Taken together, the cumulative impact of the systemic barriers autistic people face has been and continues to be devastating. A lack of specific knowledge and understanding of autism; a culture of unconscious (and, unfortunately, conscious) bias against autistic people; and a distrust of rising autism diagnosis.

These barriers stop policies and services from reaching autistic people and their families, engaging them meaningfully, and improving their lives.

They reinforce and magnify the aspects of public service design and governance that are already most likely to fail autistic people: particularly inflexibility in funding, and unclear or fragile accountability.

They mean that at all levels, decisions are more likely to go against autistic people and their families, and basic human rights are more likely to be marginalised or ignored completely.

This is the real reason we need a dedicated, specific approach for autistic people in policy.

Not just because it is a legal requirement, enshrined in the Autism Act 2009.

Not just because such a significant population is involved: over a million people in England are autistic, both diagnosed and undiagnosed.

Not just because autistic people face unacceptably poor outcomes: so do other groups, although the severity of autistic people’s outcomes stand out.

But because the barriers that hold back autistic people’s lives are specifically related to autism and our systemic failure of autistic people.

Some policies make a difference. Mandatory autism training for healthcare workers is the right approach, and Specialist Autism Teams open up, however temporarily, space for services to genuinely adapt to autistic people’s needs. Many brilliant people - teachers, social workers, health professionals, local commissioners, parents and carers - try to work through or around the system, drawing on imagination, determination and passion to increase the chances of a good outcome.

But helpful and well-intentioned as those policies may be, and wonderful as these people are, this is not enough. Training knowledge and skills without corresponding changes in culture doesn’t have lasting impact. And Specialist Autism Teams are treated as additional expenditure: lose the Team and you lose the space it opens. Without addressing systemic barriers directly, the system closes back down, and things continue as they were.

A National Autism Strategy is not a ‘nice to have’, a box to tick, or a distraction from the ‘real business’ of universal reform. It is not a niche issue in policy.

It is an essential requirement to address the acute inequality and human rights abuses faced by a section of our society with everything to give and every wish to thrive and succeed.

It is a mechanism for ensuring specific, deep barriers - in knowledge, understanding and culture - are actually addressed.

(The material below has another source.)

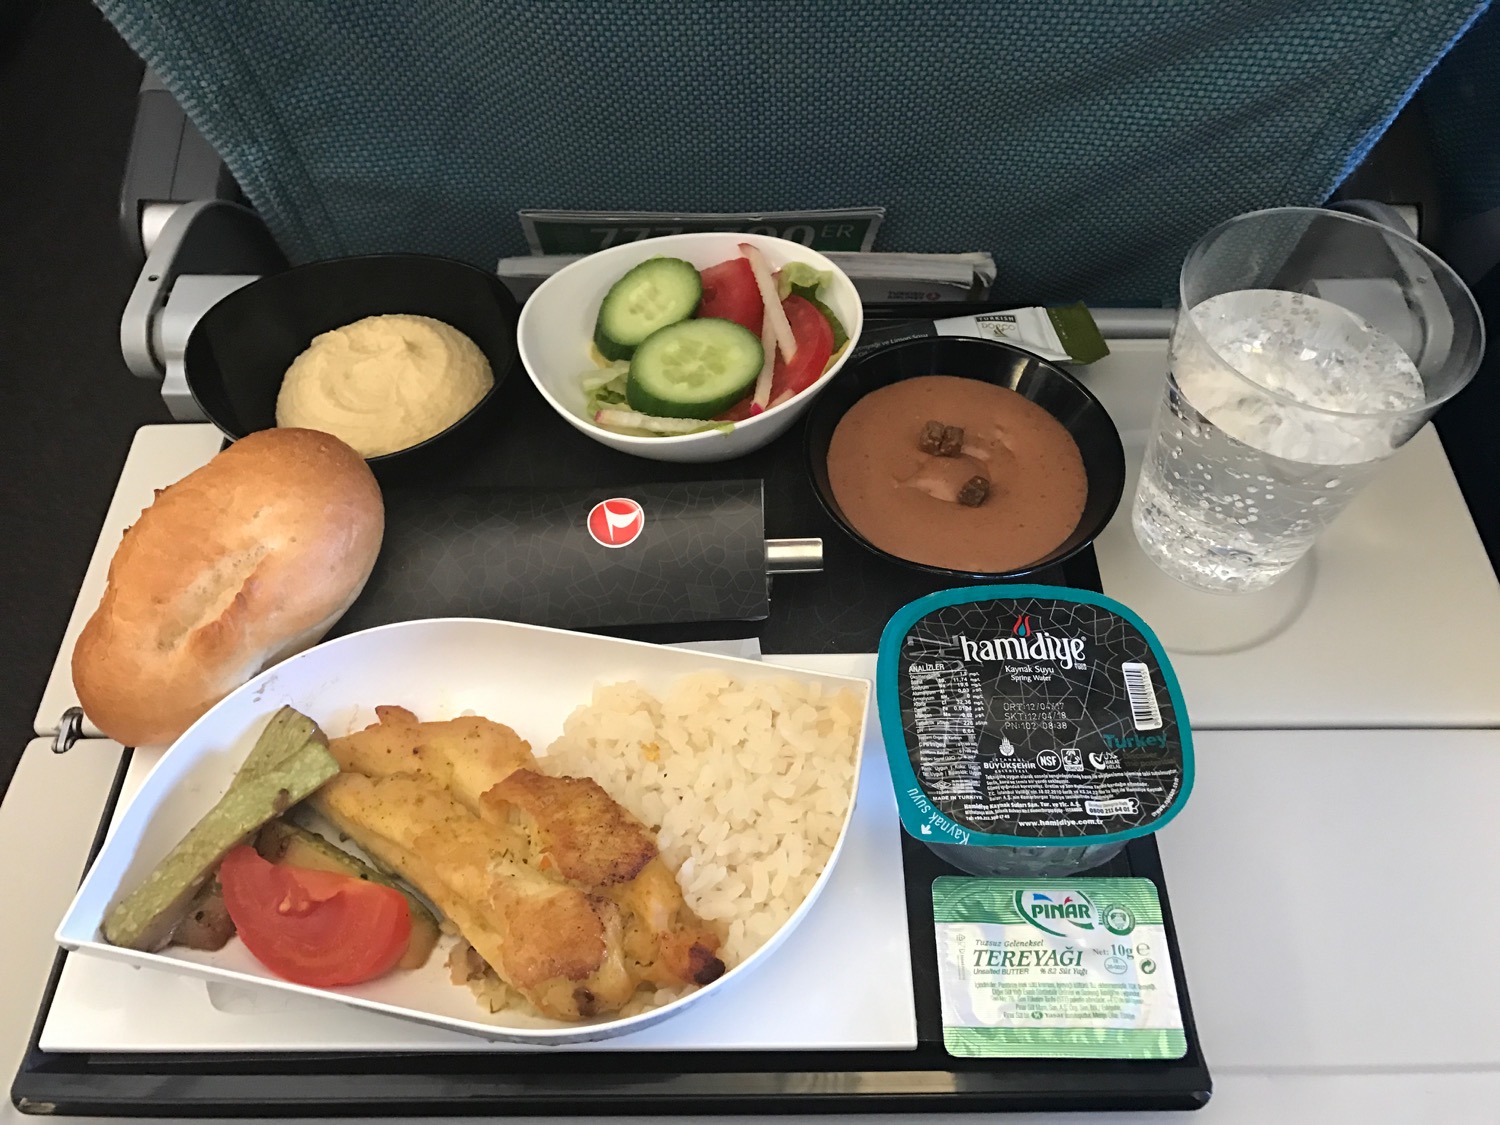 Turkish Airlines Economy Class Meals - 5

It is supported by clear economic evidence that addressing these barriers would drive more cost-effective spending of scarce public funds, and in many cases lead to cost savings.

And reflecting the original rationale for the Autism Act, it is an opportunity to respond to a leading edge of our society’s evolution, creating momentum and support for a bold new approach across policy and universal services, at the point when it is most required. 

Autism is not new, and it is not and has never been, a threat. Intolerance and ignorance of autism, however, is a barrier we cannot afford to ignore.

Focusing just on general reform, however eye-catching it is, may see things improve, but it won’t address the sustained systemic failure of autistic people in education, employment, healthcare and the justice sector. And it won’t deliver the generational moment of change required so desperately across policy and in wider society: a focus on respecting, understanding and meeting need as the basis for better outcomes and a stronger economy.